From: Venelin Mitov (vmitov_at_gmail_dot_com)
Date: Thu Jan 06 2005 - 11:37:30 PST
I need to write quicksort in upc. Here is the pseudocode of the parallelised
quicksort algorithm:
shared[N/THREADS] int P[N]; //the array to sort
//sorts P[begin..end-1] using threads[t0..tn)
void quicksort(int begin, int end, int t0, int tn){
1: if only one thread (tn - t0 == 1) call the serial qsort on
P[begin..end]; return;
//more than one thread
2: t0 selects one of the elements P[begin..end] as pivot
3: each thread t0..tn-1 rearranges it's local part of P[begin..end]

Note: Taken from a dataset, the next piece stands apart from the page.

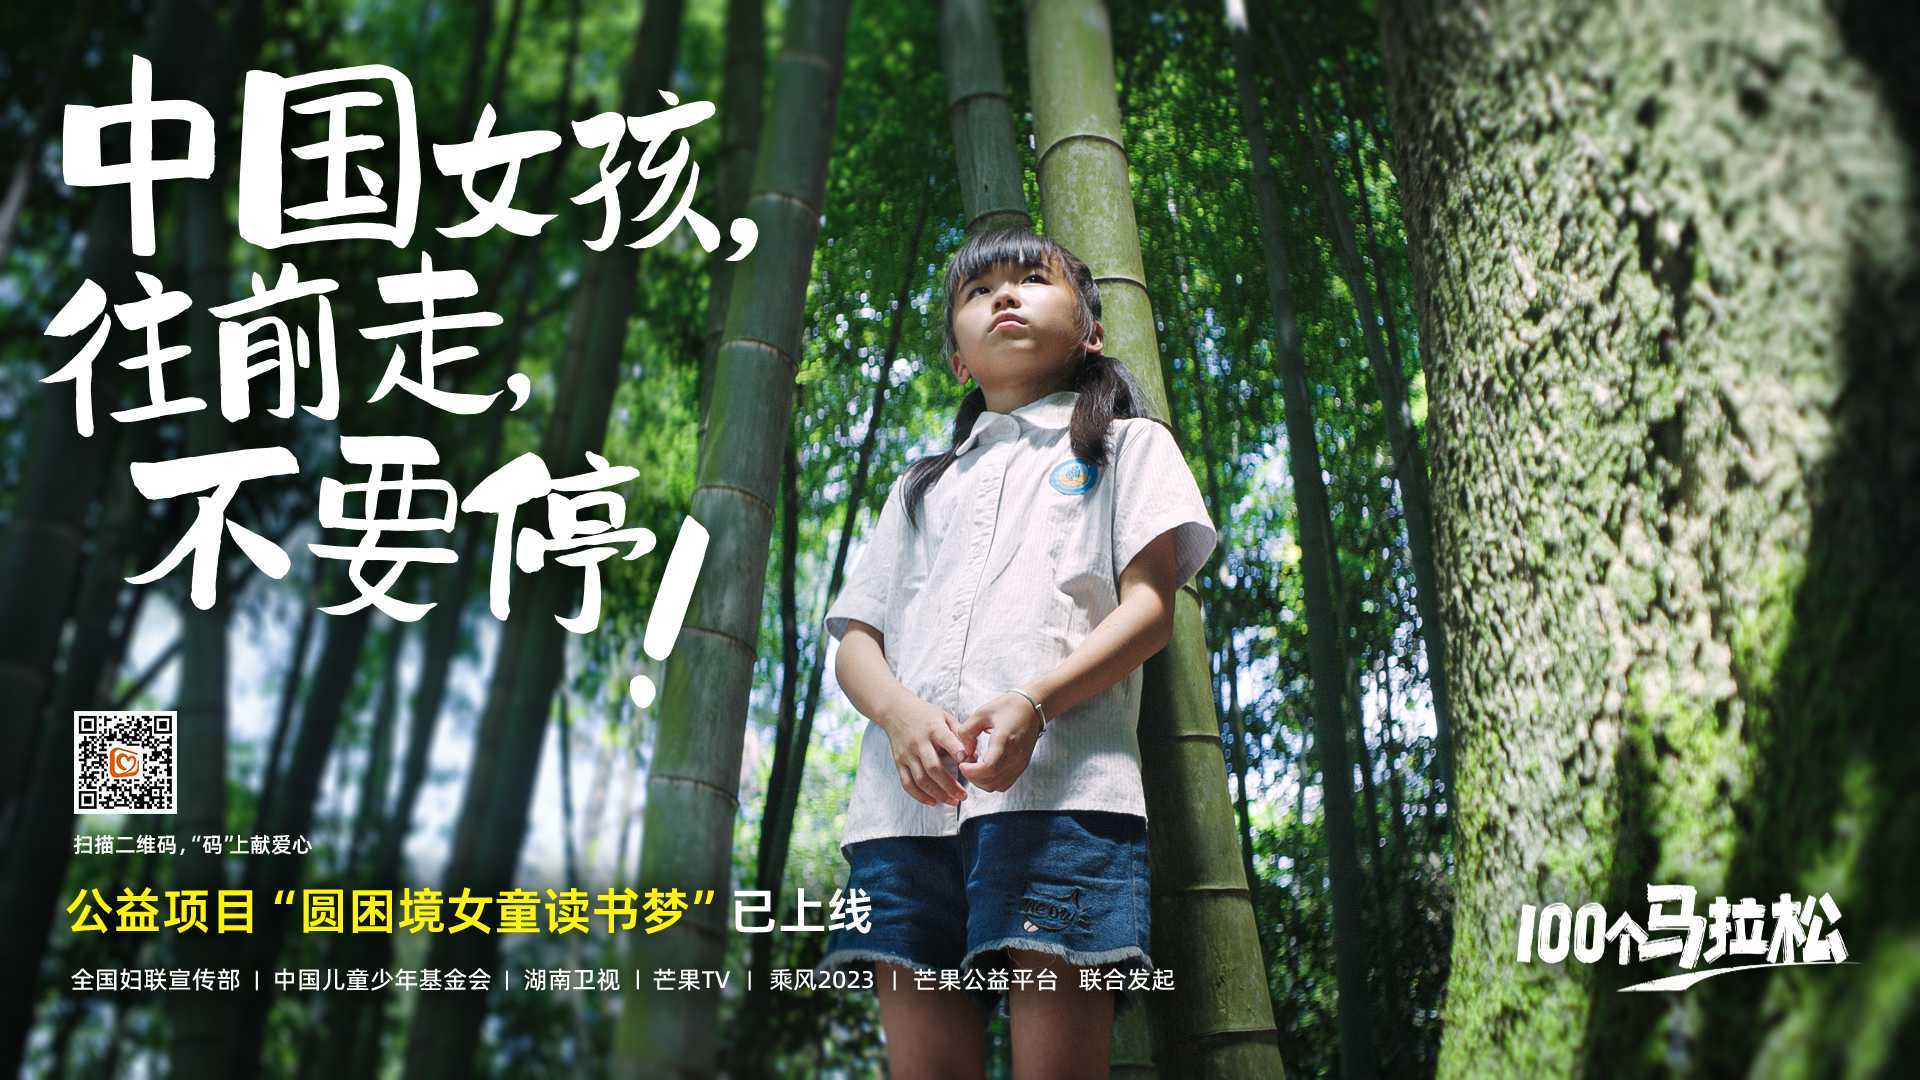 全国妇联宣传部 | 中国儿童少年基金会—「100个马拉松」

storing the elements smaller than pivot to the left and the larger or
equal elements to the right
4: global rearrangement (divide P[begin..end] on two parts - smallers
than pivot to the left , larger than pivot to the right:
4.1:once the local rearrangement is done by all threads the positions
of the smaller and larger parts in the "global" array (P[begin..end])
are calculated.
4.2: each thread places its smaller and larger parts approprietely in
the global array
5. let P[begin..send) are the elements smaller than pivot and
P[send..end) are the elements larger or equal to pivot.
let roughly said t0,.., tn0-1 are the threads in affinity with the
smaller (left) part
P[begin..send), and tn0...tn-1 are the trheads in affinity with the
larger(right) part -
P[send..end].
if(MYTHREAD <= tn0)
quicksort(begin, send, t0, tn0);
else
quicksort(send, end, tn0, tn);
}
There are synchronisation points for threads t0..tn-1 between the steps.
For example all threads t1..tn-1 must wait until t0 calculates the
pivot (step 2);
the global rearrangement (step 4) cannot start until all threads have finished
the local rearrangement;
The recursive call cannot be made until the global rearrangement is done.
The problem is that t0..tn-1 is a subrange of 0..THREADS-1, so
upc_barrier cannot be used.
Can you propose me an effective solution (maybe something with
upc_locks which works like "upc_barrier for threads t0..tn-1")?
Regards.
Venelin Mitov